Filed under art, Culture, entertainment, fantasy, horror, Publishing, science fiction, Writing

Royalty, Royalty, Blah Blah Blah!

Queen Bess might have been the last needed monarch, but then there was Cromwell.

This came out in a conversation recently, even before the whole Kate+William brouhaha, and I can say I was almost treated like a troglodyte for being an anti-monarchist (and the only one I  think) amongst monarchists. I actually was very surprised. I expected a few to be monarchists but I thought the strong monarchist movement was more of my parents’ generation than mine, or even younger people.But obviously I’m wrong.

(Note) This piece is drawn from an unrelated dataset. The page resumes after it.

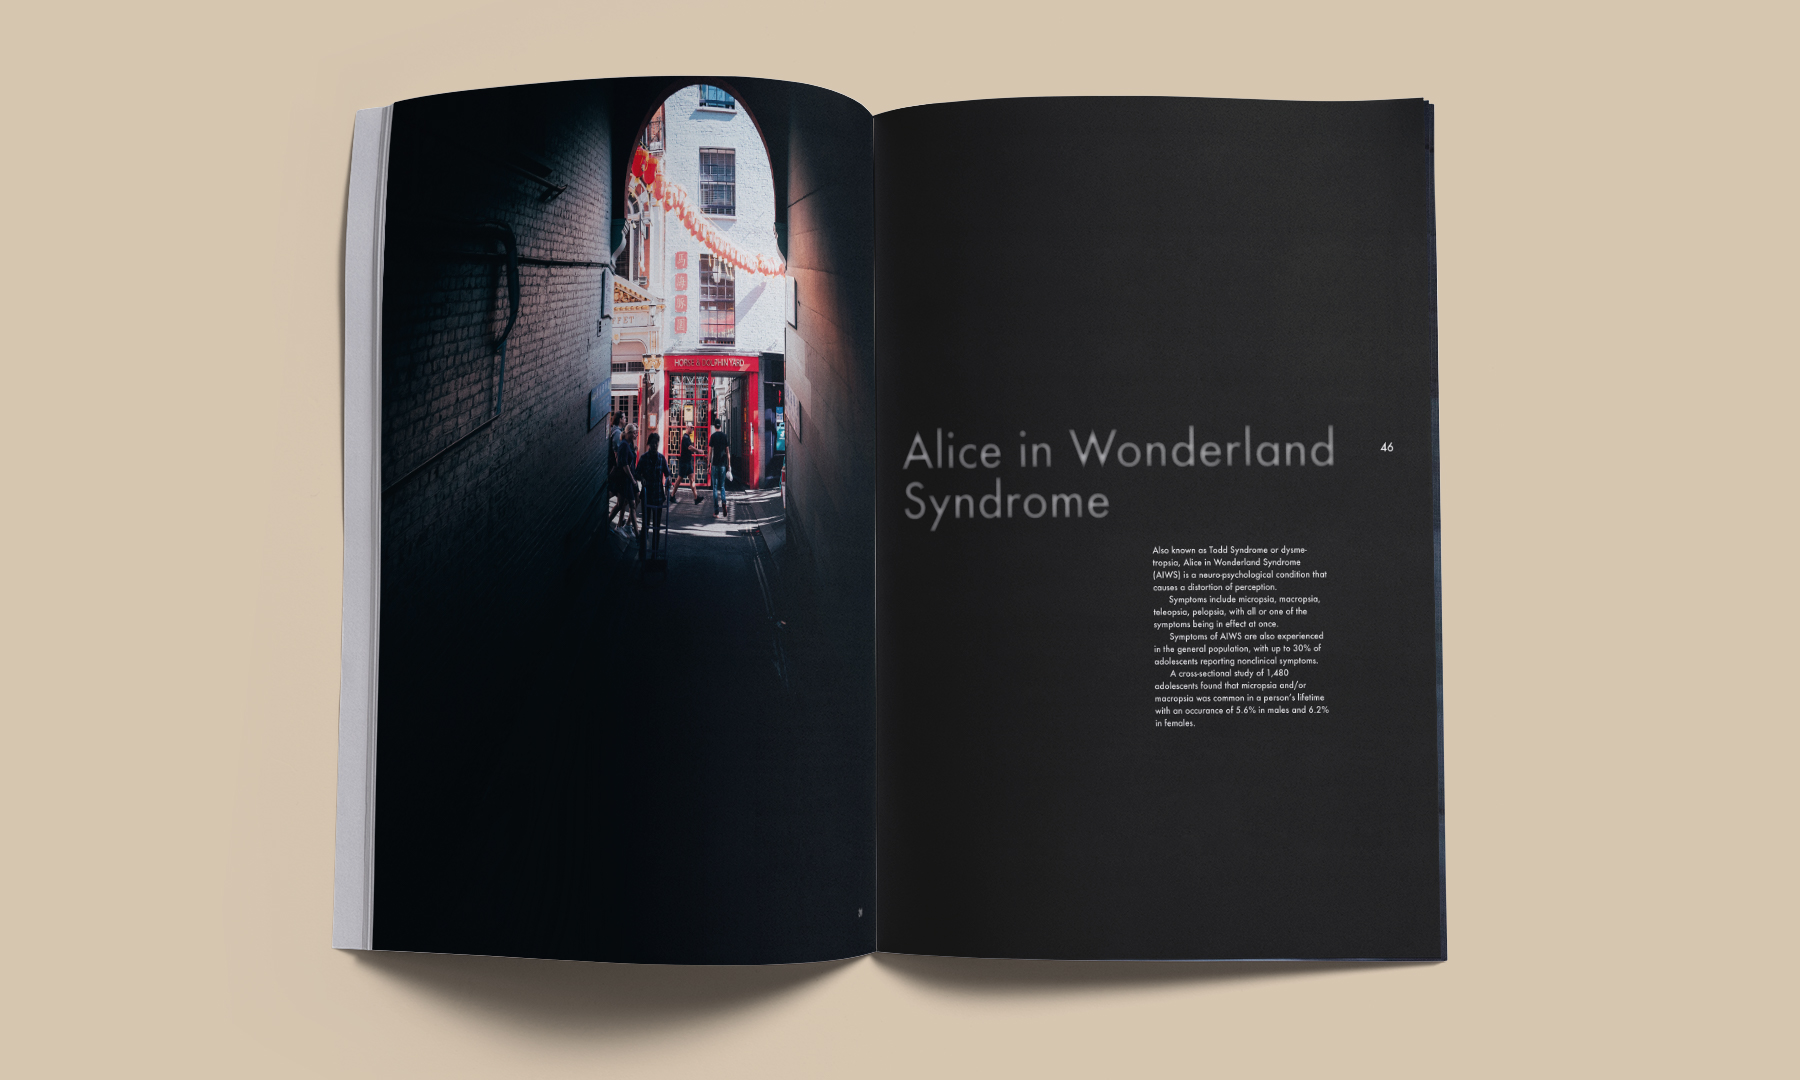 Chapter page for Alice in Wonderland Syndrome (AIWS), which affects visual perception.

I’ll back up a bit here. Canada is a sovereign nation. We have our independence; we have our own government. However, we are a commonwealth country, one of those countries that was once conquered by the great British Empire. Once called the British Commonwealth there are now 54 countries in this union. From Wikipedia: The member states co-operate within a framework of common values and goals as outlined in the Singapore Declaration.[1] These include the promotion of democracy, human rights, good governance, the rule of law, individual liberty, egalitarianism, free trade, multilateralism and world peace.[2] The Commonwealth is not a political union, but an intergovernmental organisation through which countries with diverse social, political and economic backgrounds are regarded as equal in status.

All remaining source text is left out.